The only reference of the bug I've seen is on a kolab forum :

http://forum.pardus.de/index.php?topic=130.msg637#msg637

----------

## steveb

 *thus wrote:*   

> 
> 
> ```
> 
> X-DSPAM-Result: =?iso-8859-1?Q?Innocent=0D?=
> ...

 Strange. The header is corrupt. In X-DSPAM-Factors you should get much much more output then just this obscure "27,". Are you 100% sure that DSPAM is putting that iso-8859-1 stuff into the headers and not something else?

Could you try to process a message just with DSPAM and no other tool/contentfilter/anti-virus/etc. Do you get the same result?

// SteveB

----------

## thus

 *steveb wrote:*   

> Strange. The header is corrupt. In X-DSPAM-Factors you should get much much more output then just this obscure "27,". Are you 100% sure that DSPAM is putting that iso-8859-1 stuff into the headers and not something else?
> 
> Could you try to process a message just with DSPAM and no other tool/contentfilter/anti-virus/etc. Do you get the same result?
> 
> // SteveB

 

Hi SteveB

thanks for your answer... you're right ! I've checked the logs of amavisd and I think the problem comes from amavisd :

- it calls dspam (/usr/bin/dspam --stdout --deliver=spam,innocent --mode=tum --tokenizer=chained,noise --enable-signature-headers --user amavis)

- parse the results of dspam

- add & encode himself the mail headers with X-DSPAM-*

I've run manually the command used by amavis and the output is not corrupted.

I'm reading the source of amavis to track the bug ... I think it's somewhere in the "hdr function" when amavisd encode the mail headers

```

# Insert space after colon if not present, RFC2047-encode if field body

# contains non-ASCII characters, fold long lines if needed, prepend space

# before each NL if missing, append NL if missing. Header fields with only

# spaces are not allowed (rfc2822: Each line of characters MUST be no more

# than 998 characters, and SHOULD be no more than 78 characters, excluding

# the CRLF). $structured==0 indicates an unstructured header field,

# folding may be inserted at any existing whitespace character position;

# $structured==1 indicates that folding is only allowed at positions

# indicated by \n in the provided header body, original \n will be removed.
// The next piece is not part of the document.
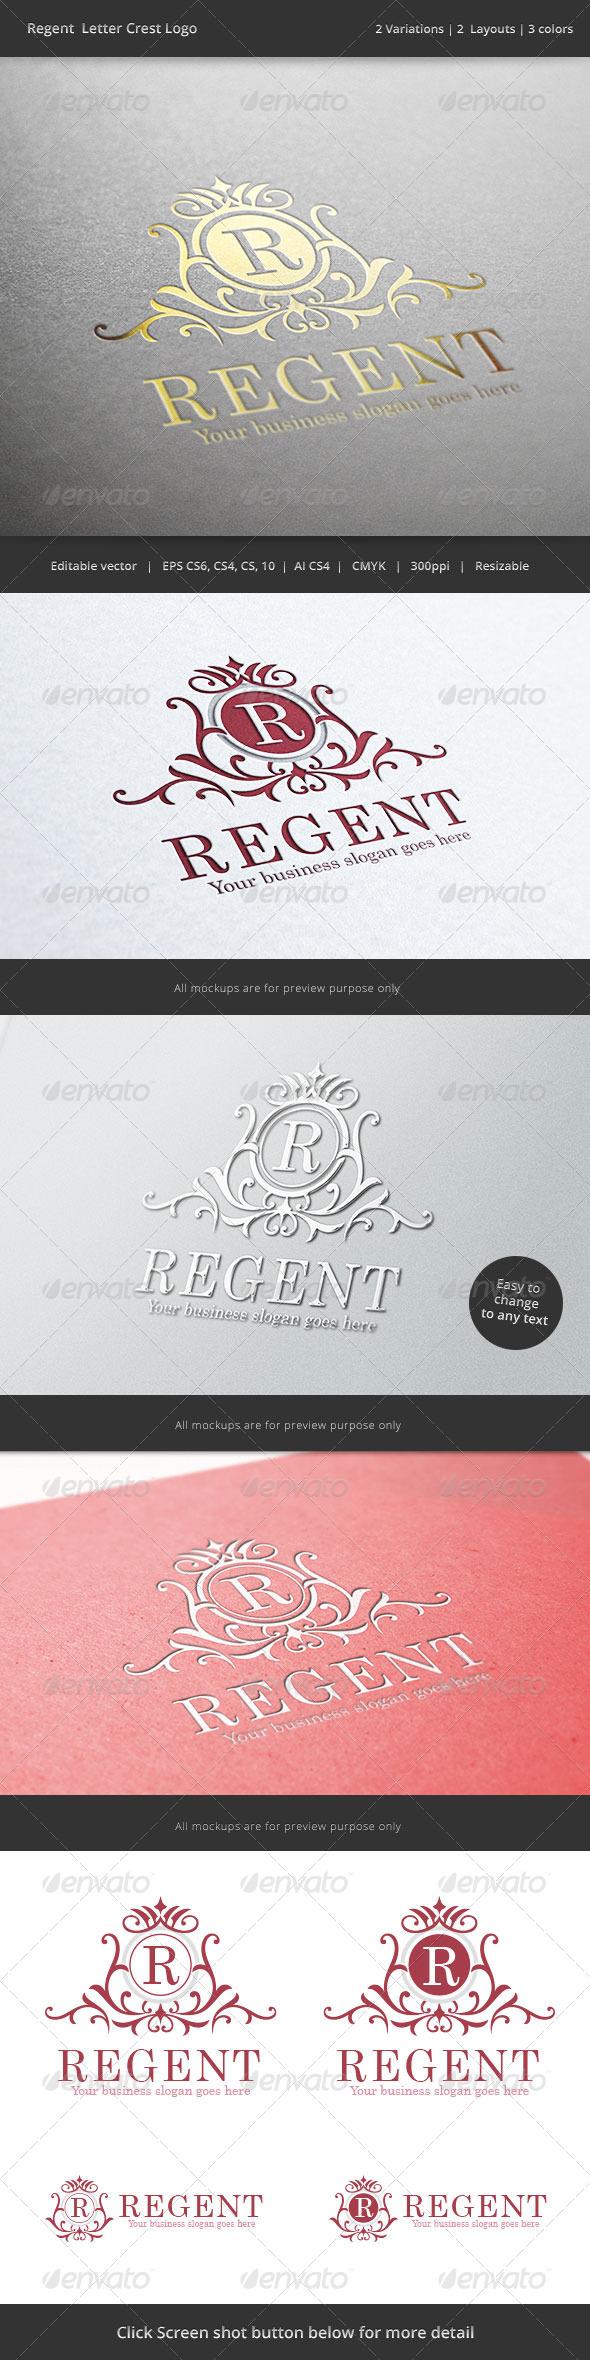 GraphicRiver Regent Letter Crest Logo 6944699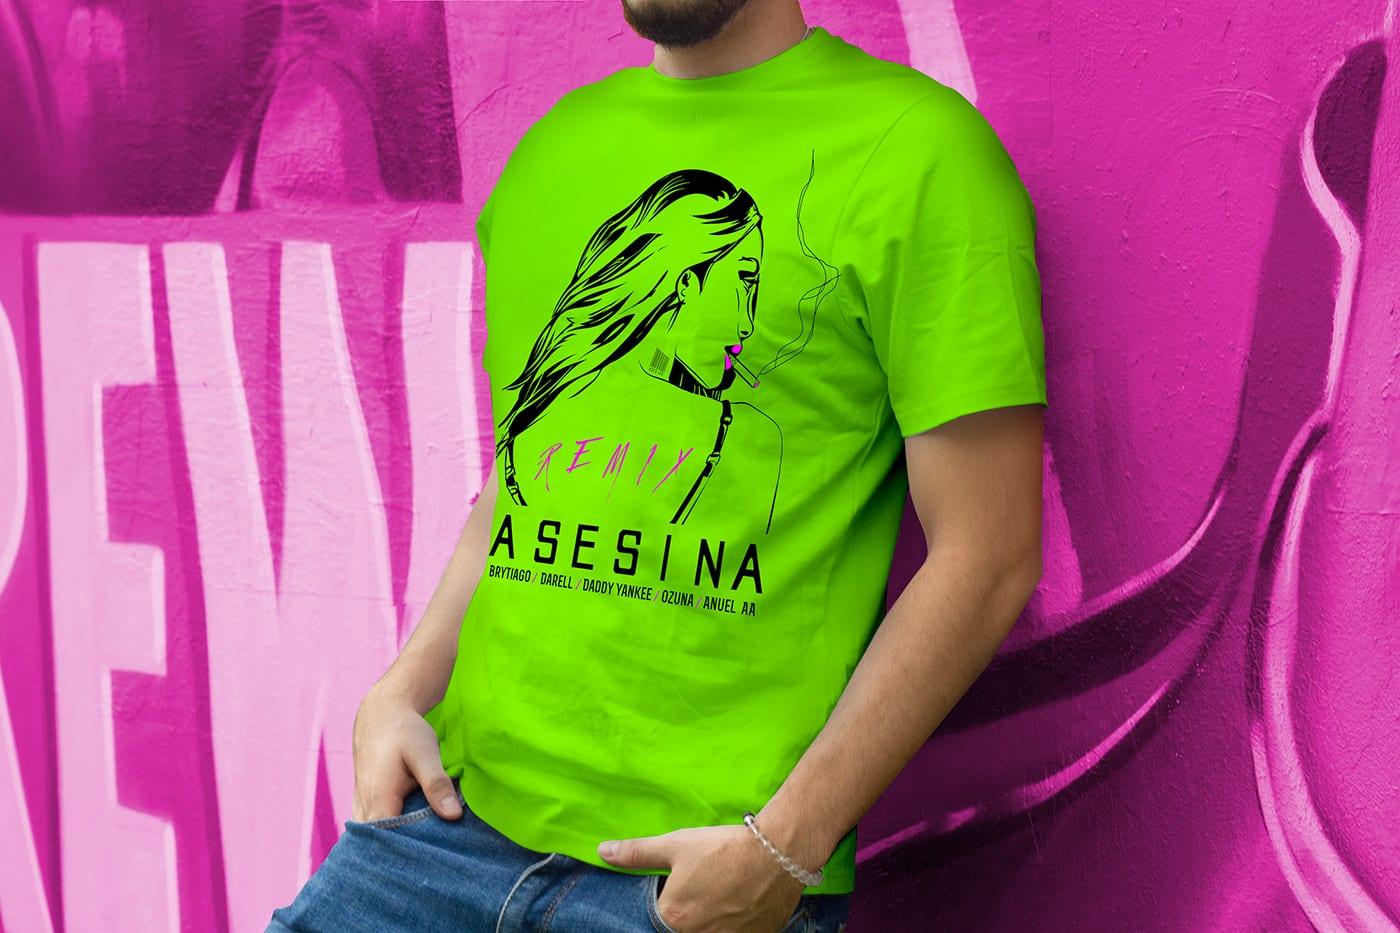 camiseta verde limón asesina 2heart

# With $structured==2 folding is preserved, wrapping step is skipped.

#

sub hdr($$$;$) {

  my($field_name, $field_body, $structured, $wrap_char) = @_;

  $wrap_char = "\t"  if !defined($wrap_char);

  local($1);

  if ($field_name =~ /^ (?: Subject\z | Comments\z |

                            X- (?! Envelope- (?:From|To)\z ) )/six &&

      $field_body !~ /^[\t\n\040-\176]*\z/  # not all printable (or TAB or LF)

  ) {  # encode according to RFC 2047

    # actually RFC 2047 also allows encoded-words in rfc822 extension

    # message header fields (now: optional header fields), within comments

    # in structured header fields, or within 'phrase' (e.g. in From, To, Cc);

    # we are being sloppy here!

    $field_body =~ s/\n([ \t])/$1/g;  # unfold

    chomp($field_body);

    my($field_body_octets);

    my($chset) = c('hdr_encoding');  my($qb) = c('hdr_encoding_qb');

    if (!$unicode_aware) { $field_body_octets = $field_body }

    else {

      $field_body_octets = safe_encode($chset, $field_body);

#     do_log(5, "hdr - UTF-8 body:  %s", $field_body);

#     do_log(5, "hdr - body octets: %s", $field_body_octets);

    }

    my($encoder_func) = uc($qb) eq 'Q' ? \&q_encode

                                       : \&MIME::Words::encode_mimeword;

    $field_body = join("\n", map { /^[\001-\011\013\014\016-\177]*\z/ ? $_

                                     : &$encoder_func($_,$qb,$chset) }

                                 split(/\n/, $field_body_octets, -1));

  } else {  # supposed to be in plain ASCII, let's make sure it is

    $field_body = safe_encode('ascii', $field_body);

  }

  $field_name = safe_encode('ascii', $field_name);

  my($str) = $field_name . ':';

  $str .= ' '  if $field_body !~ /^[ \t\n]/;

  $str .= $field_body;

  if ($structured == 2) {  # already folded, keep it that way, sanitize

    1 while $str =~ s/^([ \t]*)\n/$1/;  # prefixed by whitespace lines?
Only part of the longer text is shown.